Герцогиня до крови кусала себе губы, чтобы заглушить крики ужаса и гнева, вырывавшиеся из ее груди. Дрожащими руками отирая со лба холодный пот, она промолчала несколько времени, стараясь вполне овладеть собой, потом по возможности спокойно сказала:

- Из-за этого дворянина я и прибыл сюда.

- Ты желаешь его освободить, ефенди?

- Мне поручено доставить его в Фамагусту.

- Кто дал тебе такое поручение, эфенди?

- Мулей-Эль-Кадель.

- Дамасский Лев! - вскричал турок, и на лице его выразилось глубокое изумление. - Но почему же этот доблестнейший из героев интересуется нашим пленником?

- Не знаю, он мне не говорил об этом.

- Гм!.. Не думаю, эфенди, чтобы Гараджия решилась уступить его. Она, кажется, очень дорожит своими пленниками, и если кто-нибудь из них нужен Мулею-Эль-Каделю, она потребует за него такой большой выкуп, на который едва ли согласится Дамасский Лев.

- Почему же Мулей-Эль-Кадель достаточно богат для того, чтобы выкупить кого он пожелает и за какую угодно цену.

- Я знаю, что его отец одно из самых важных лиц в государстве: родственник султану и страшный богач. Но что же за охота Мулею-Эль-Каделю бросать золото на ветер ради какого-то христианина?

- Ну, уж этого я не знаю, - сказала молодая девушка, которой очень тяжел был этот разговор. - Мое дело исполнить данное им поручение, а зачем ему понадобился этот пленник - меня не касается... Когда же вернется госпожа Гараджия? Мне некогда ждать. У меня немало дел в Фамагусте, да, кроме того, есть и еще поручение от Мустафы.

- Если тебе угодно, я могу проводить тебя к месту ловли пиявок, - предложил турок после некоторого размышления. - Там ты увидишь и нашу госпожу и пленника.

- Хорошо, я согласен отправиться туда, - сказала герцогиня.

- Вот и отлично. Я сейчас прикажу оседлать лошадей. Через несколько минут мы можем отправиться.

Когда турок удалился, чтобы сделать нужные распоряжения, Перпиньяно и Никола Страдного поспешили подойти к молодой девушке, с видом изнеможения опустившей голову на грудь.

- Виконт здесь? - шепотом спросил венецианец.

- Здесь, но, должно быть, мы увидим его в самом жалком положении.

- Почему вы так думаете, синьора? - осведомился грек.

- Он находится вместе с другими пленниками на ловле пиявок в стоячих прудах.

- А, злодеи! - пробормотал Никола, яростно сжимая кулаки и хмуря лицо.

- Разве это такое трудное дело? - удивился Перпиньяно.

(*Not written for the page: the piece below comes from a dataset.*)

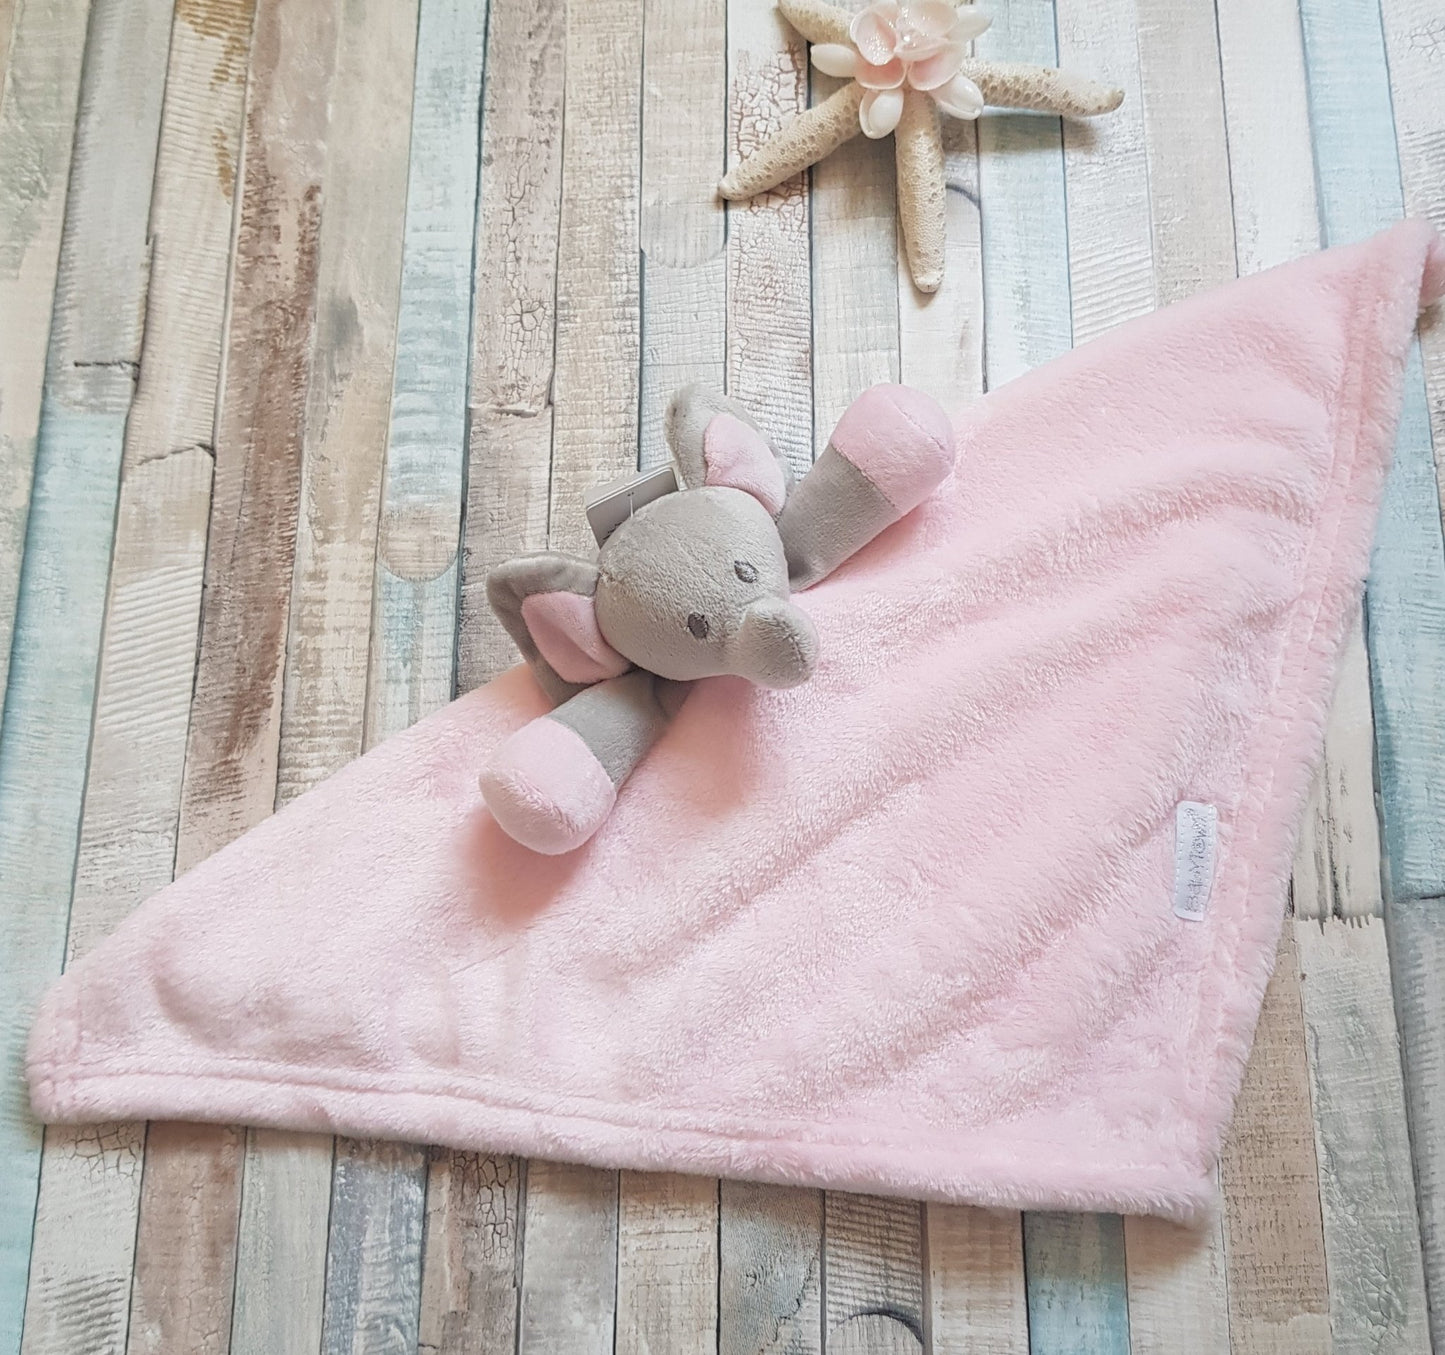 Novelty Baby Elephant Comforter - Nana B Baby & Childrenswear Boutique

- Не только трудное, но прямо ужасное, синьор, - сказал грек. - Я хорошо знаком с этим делом, так как мне пришлось провести за ним немало дней. В один месяц человек так истощается ловлей пиявок, что едва может держаться на ногах от малокровия и сопряженной с этим состоянием слабости. Не дай Бог никому испытать этого!.. Все тело ловца пиявок представляет сплошную язву... Ох, страшно и вспоминать!

- Да неужели эта женщина могла решиться послать на подобную пытку даже такого знатного пленника, как виконт Ле-Гюсьер? - недоумевал лейтенант, точно так же побледневший, как и его спутница.

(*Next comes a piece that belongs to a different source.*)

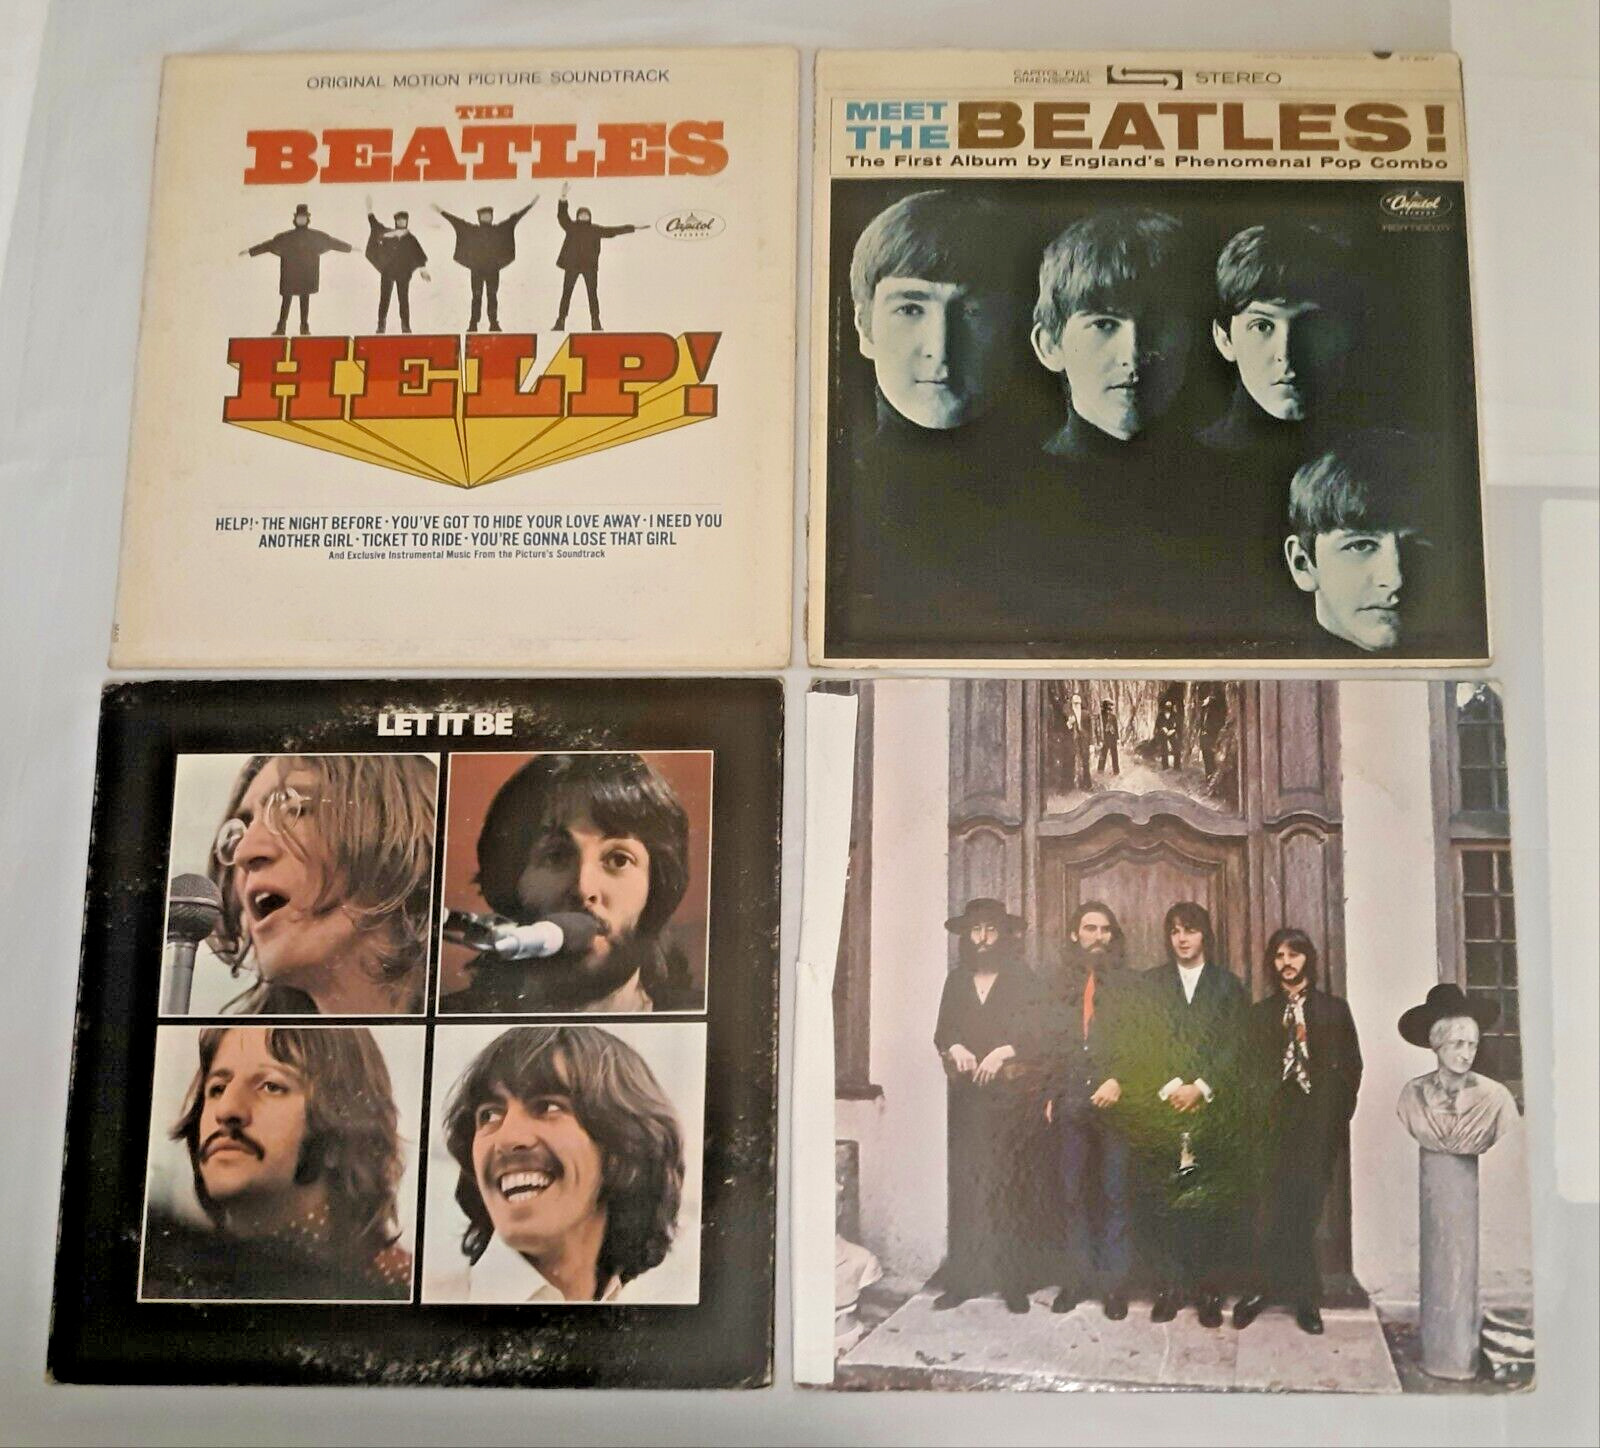 The Beatles Vinyl Used Record Lot Let it Be Help Beatles Again Meet The Beatles

- Мне сейчас подтвердил это турецкий капитан, - со вздохом проговорила герцогиня.

- Постараемся во что бы то ни стало освободить виконта из этого ужасного положения... Мы не остановимся ни перед чем, даже перед взятием этой крепости, если понадобится, не так ли, Никола?

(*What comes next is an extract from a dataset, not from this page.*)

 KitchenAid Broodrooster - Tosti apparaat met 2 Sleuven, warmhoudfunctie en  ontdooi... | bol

Грек только молча кивнул головой.

- Я знаю, что нужно делать, - сказала герцогиня, вновь вернувшая себе свою неукротимую энергию. Я затею такую игру с этой турчанкой, что она и не успеет опомниться, как очутится в моей власти, и тогда вопрос решится сам собой. Не нужно забывать, что Дамасский Лев обещал свою помощь во всякое время, а он не из тех, которые изменяют данному слову...

Громкое ржание и топот коней по каменным плитам двора прервали дальнейший разговор между герцогиней и ее спутниками.

- Мы к твоим услугам, эфенди, - сказал турок, подходя к герцогине. - Ты вернешься сюда к полудню, когда после молитвы подается второй завтрак. Я уже отправил гонца к Гараджии, чтобы предупредить ее о прибытии посла от Мулей-Эль-Каделя. Ты смело можешь ожидать почетного приема. Госпожа Гараджия будет очень рада достойно принять посла Дамасского Льва.

- Разве она его лично знает?

На губах турка промелькнула улыбка.

- Знает ли она его? - произнес он вполголоса. - Да, из-за него Гараджия мало спит и день ото дня становится все... причудливее.

- Вот что. Значит, она любит его?

- Похоже на то.

- А он?

- Кажется, не особенно заинтересован внучкой Али-паши.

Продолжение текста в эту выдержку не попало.